Since Engels wrote the above lines, the development of capitalism into imperialist (monopoly) capitalism, with the consequent enormously comprehensive socialisation of labour, has only served to emphasise the correctness and profundity of the Marxian analysis.

The remarkable achievements of the former Soviet Union in the field of economics, science, art, culture and military science shall forever remain an eloquent testimony to what a society can achieve once it has freed the means of production from the character of capital which they had borne.

Conversely, the restoration of capitalism, thanks to the treachery and renegacy of Khrushchevite revisionism, in the former USSR, is equally eloquent testimony to the horrors heaped upon the masses by capitalism.

Marxist Leninists have a duty to emphasise that “The reply of the proletariat to the economic policy of finance capital, to imperialism, cannot be free trade, but socialism.
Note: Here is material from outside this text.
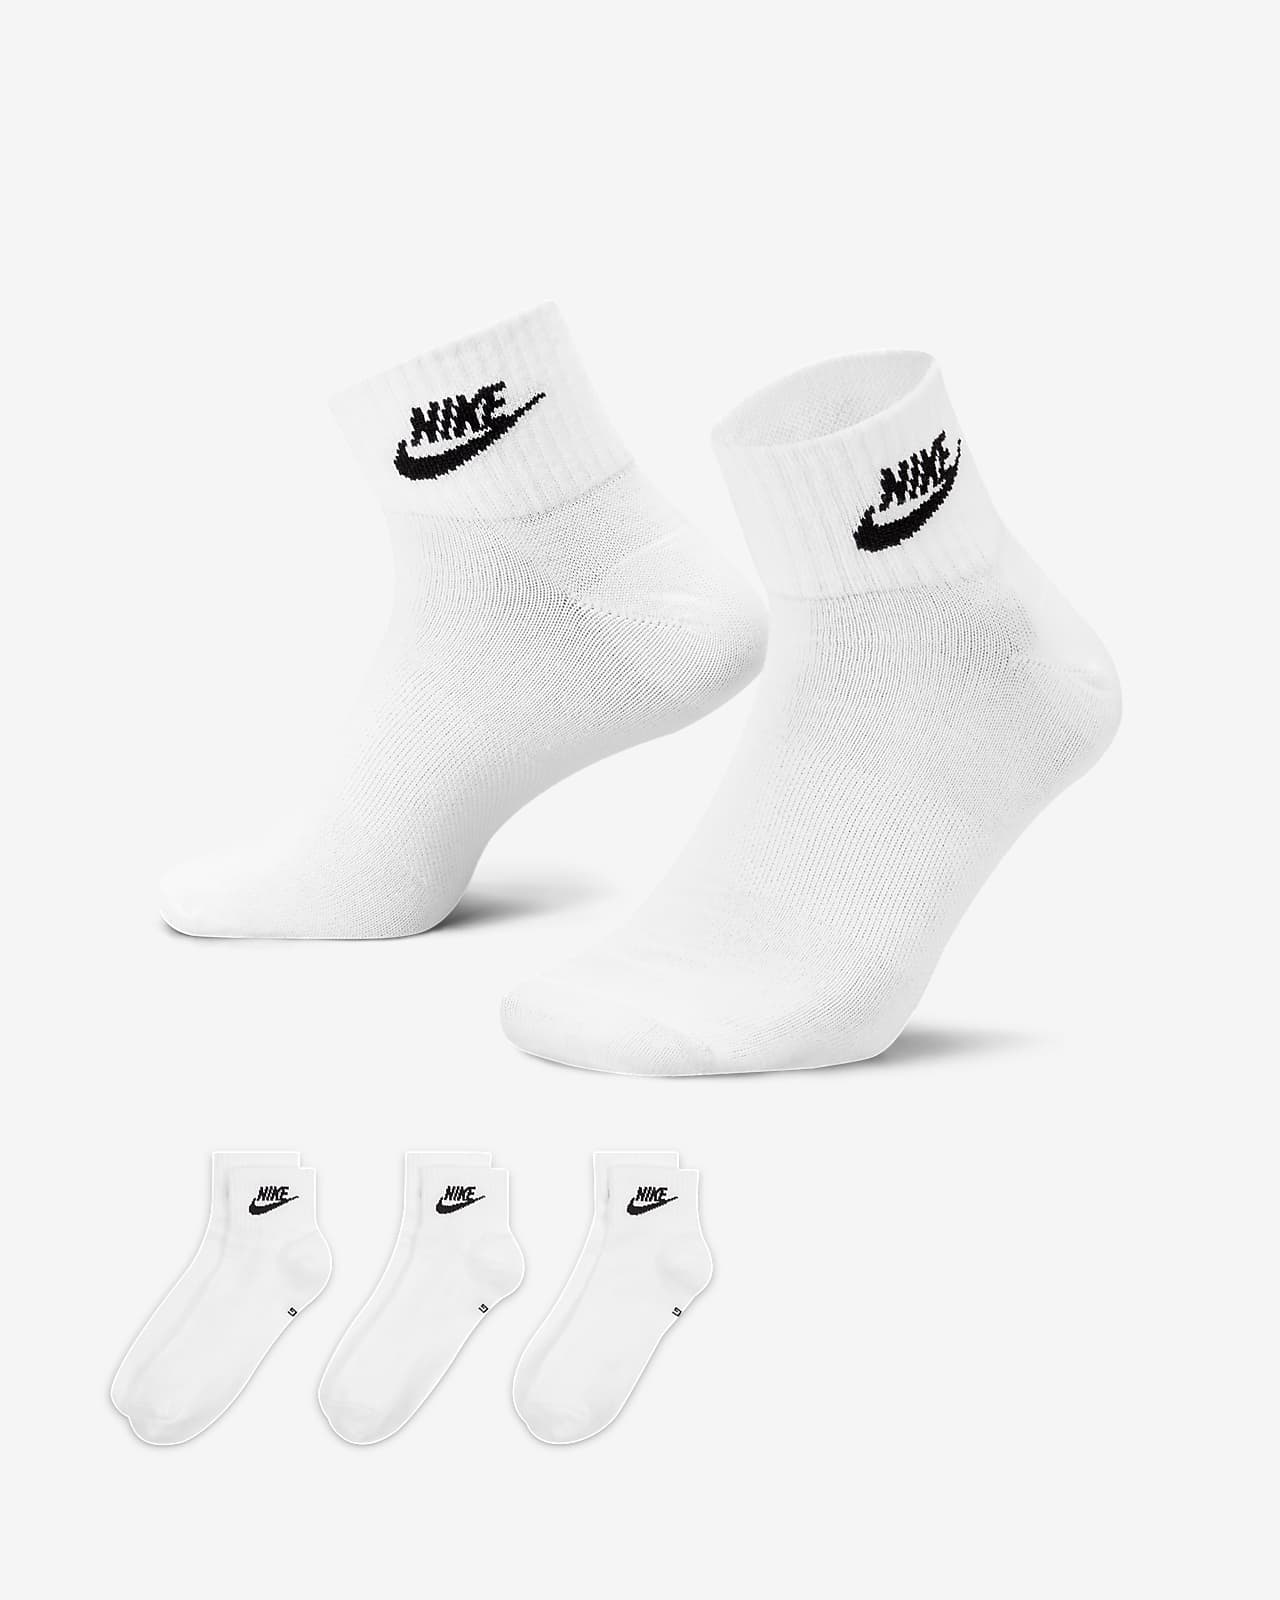 Boys Black Dance Socks. Nike UK

The aim of proletarian policy cannot today be the ideal of restoring free competition – which has now become a reactionary ideal – but the complete elimination of competition by the abolition of capitalism.” (Rudolf Hilferding, Finance Capital, quoted by VI Lenin in Imperialism, the Highest Stage of Capitalism, 1916)
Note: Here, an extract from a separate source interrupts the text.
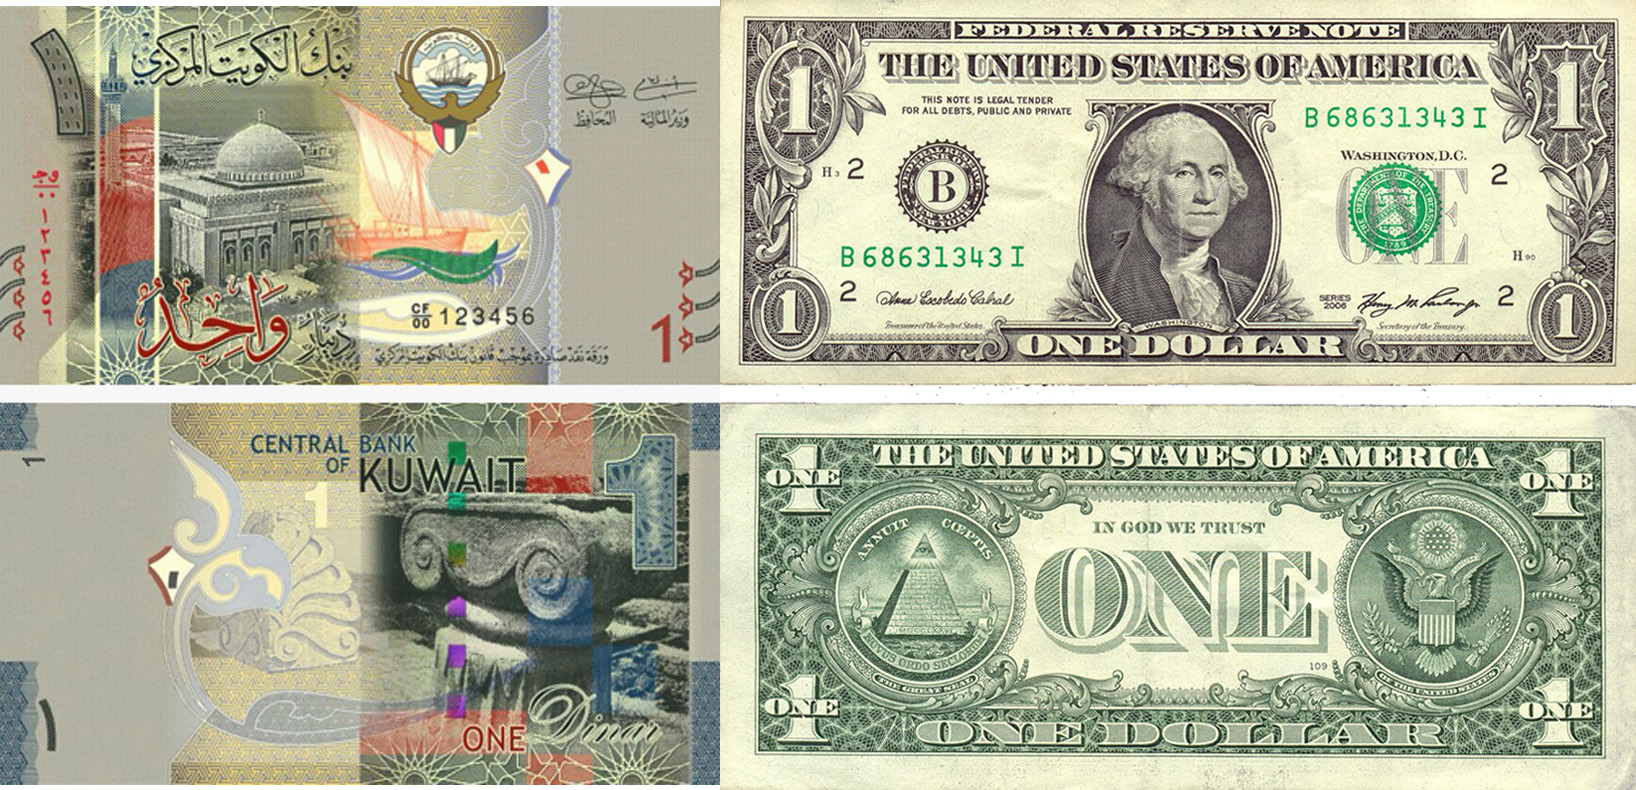 US dollars against the Kuwaiti dinar

And what will follow this expropriation of the expropriators? Instead of some reactionary nostalgia and hankering after things which have passed into history, Marx states that the ending of capitalist production “does not re-establish private property for the producer, but gives him individual property based on the acquisitions of the capitalist era: ie, on cooperation and the possession in common of the land and the other means of production”. (Ibid)

Why the bourgeoisie and its hired lackeys attack Marxism

In view of the scientific force and the lucidity of the Marxist analysis, in view of the attraction Marxism – the theoretical expression of the proletarian movement, scientific socialism – has for the proletariat all over the world, it is only to be expected that the imperialist bourgeoisie should carry on a ceaseless and relentless propaganda war against it in an endeavour to discredit Marxism and to ‘annihilate’ it for the millionth time.

All this is with the aim of preventing the now oppressed proletariat from realising the significance of “the act of universal emancipation” which it is its historical mission to accomplish, to prevent it from acquiring a thorough grasp of the historical conditions and the very nature of “the momentous act it is called upon to accomplish”.

With this aim in mind, the bourgeoisie conducts anti-communist mass propaganda of the most coarse and crude type, hand in hand with the most sophisticated campaign against communism. In the latter type of propaganda, the petty-bourgeois intelligentsia (especially those who make noises critical of imperialism) of every type – Trotskyite, revisionist, social-democrat and ordinary – play an important dirty role in the fight against communism, coming with all kinds of fabrications, devilish tricks and ‘alternatives’.

These ‘alternatives’ emanate from a mixture of ignorance, malice, fear of revolution, and, above all, a burning hatred of Marxism. They decry proletarian use of force to achieve its revolutionary aims.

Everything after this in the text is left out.